After some initial movement all the 15 unnecessary weights converge to 0

Robustness to Noise

Theory

In applications of the algorithms discussed here we often face measurement impurities that interfere with our task of system identification. We can simulate these measurement impurities with gaussian noise and observe the behavior of the algorithms. We choose a geometrical approach to conceive our expectations on influence of noise. For visualisation purposes we will consider the case of $N=2$ coefficients. Inlcuding the error as another dimension we get a three dimensional figure.

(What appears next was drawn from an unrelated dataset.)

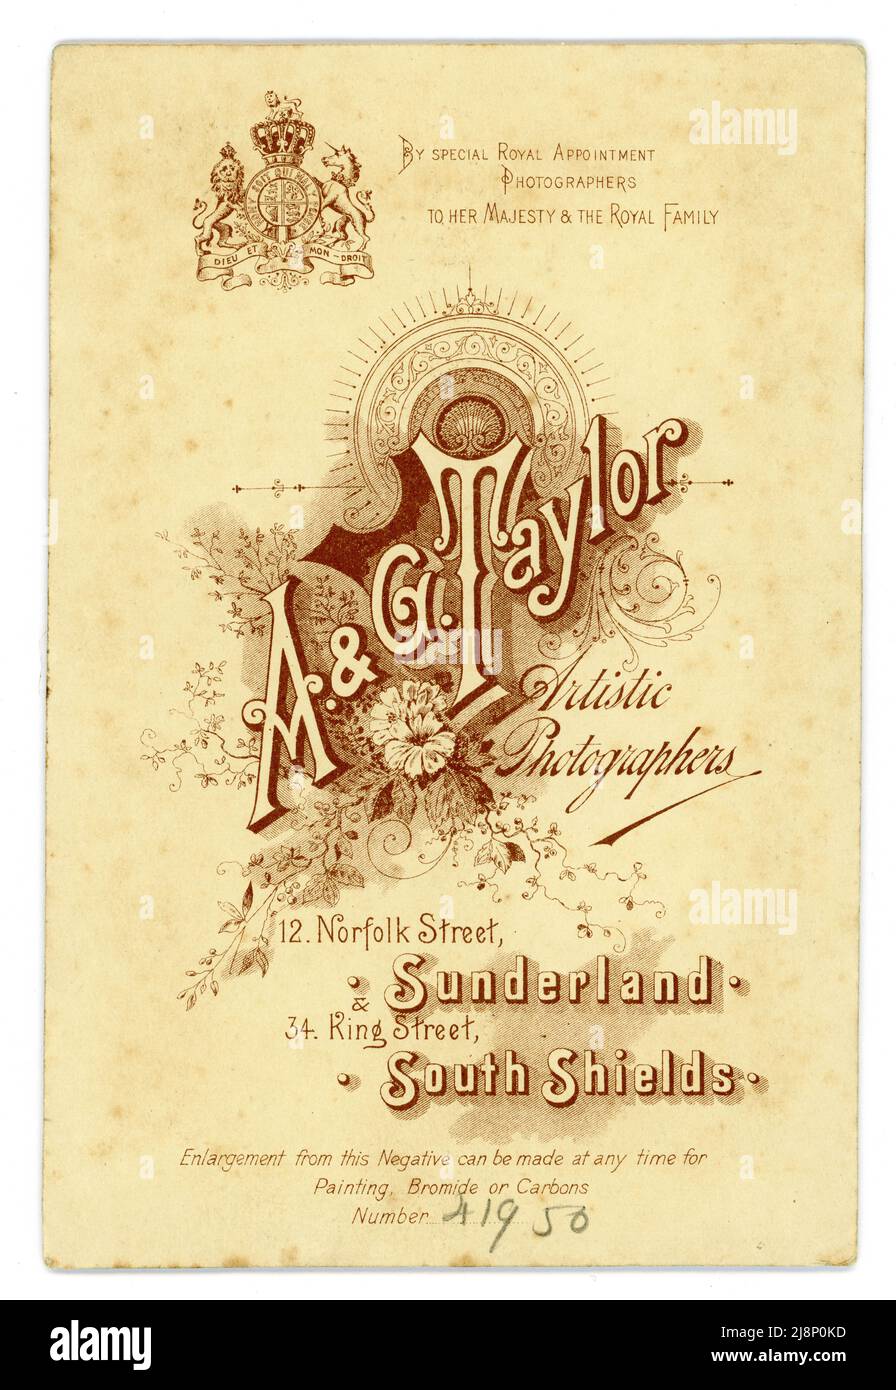 Carte originale de l'armoire victorienne du studio A.G. Taylor, studios de Sunderland & South Shields, nord de l'Angleterre, Royaume-Uni Circa 1895. Banque D'Images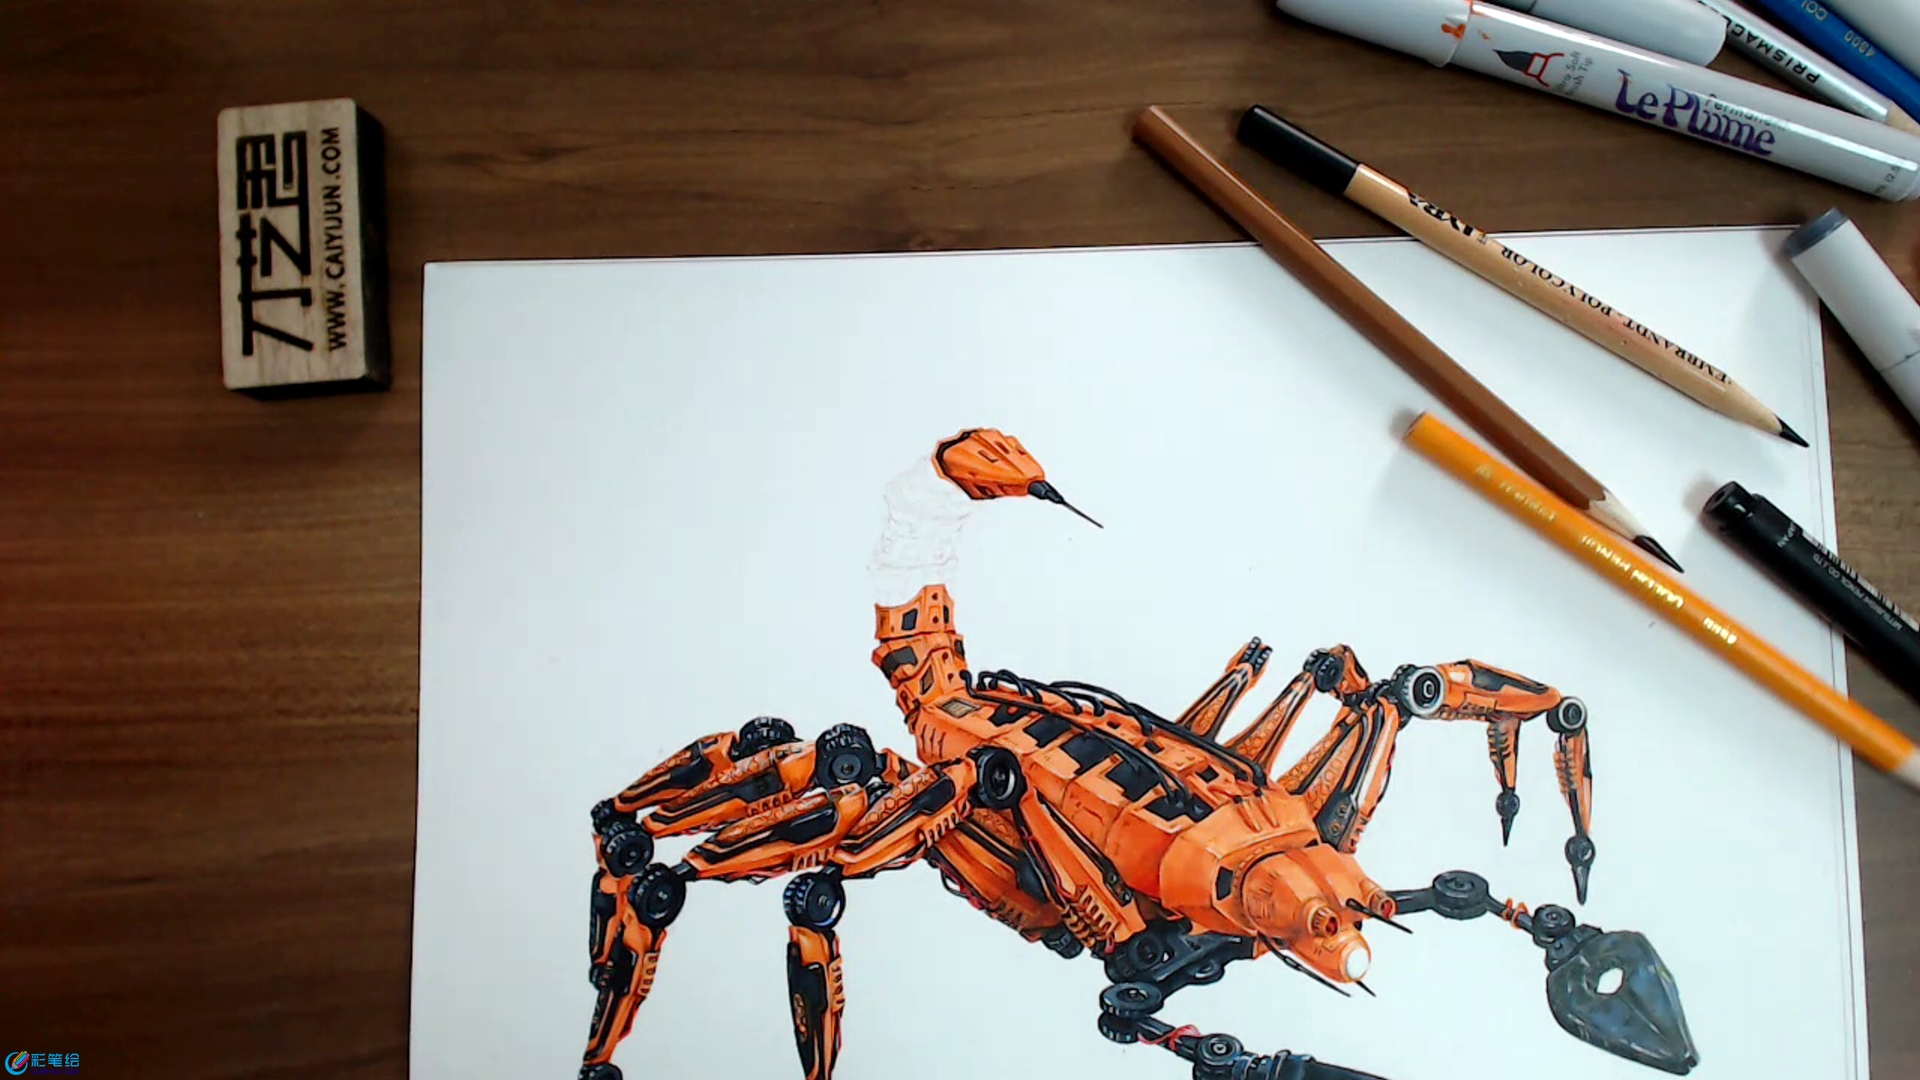 炫酷的彩铅马克笔手绘蝎子机械战士

$$\hat{d}[k] = w_1x[k] + w_2x[k]$$

As $\hat{d}$ is a linear combination of the input vectors, all estimates will have to lie on the surface that is spanned by the signals $x[k]$ and $x[k-1]$. The optimal estimate $\hat{d}[k]$ of the desired signal $d[k]$ therefore is a projection of $d[k]$ onto the this surface. Accordingly the error signal $e[k]$ will be orthogonal to the surface. As the noise we will add is supposed to be uncorrelated to the signal it will also be orthogonal by definition. Geometrically speaking an additional noise will lead to a longer distance that a projection of $d[k]$ has to travel until hitting the surface (resulting in $\hat{d}[k]$). This brings us to the expectation of a positive linear dependence between signal noise variance and squared expectation error.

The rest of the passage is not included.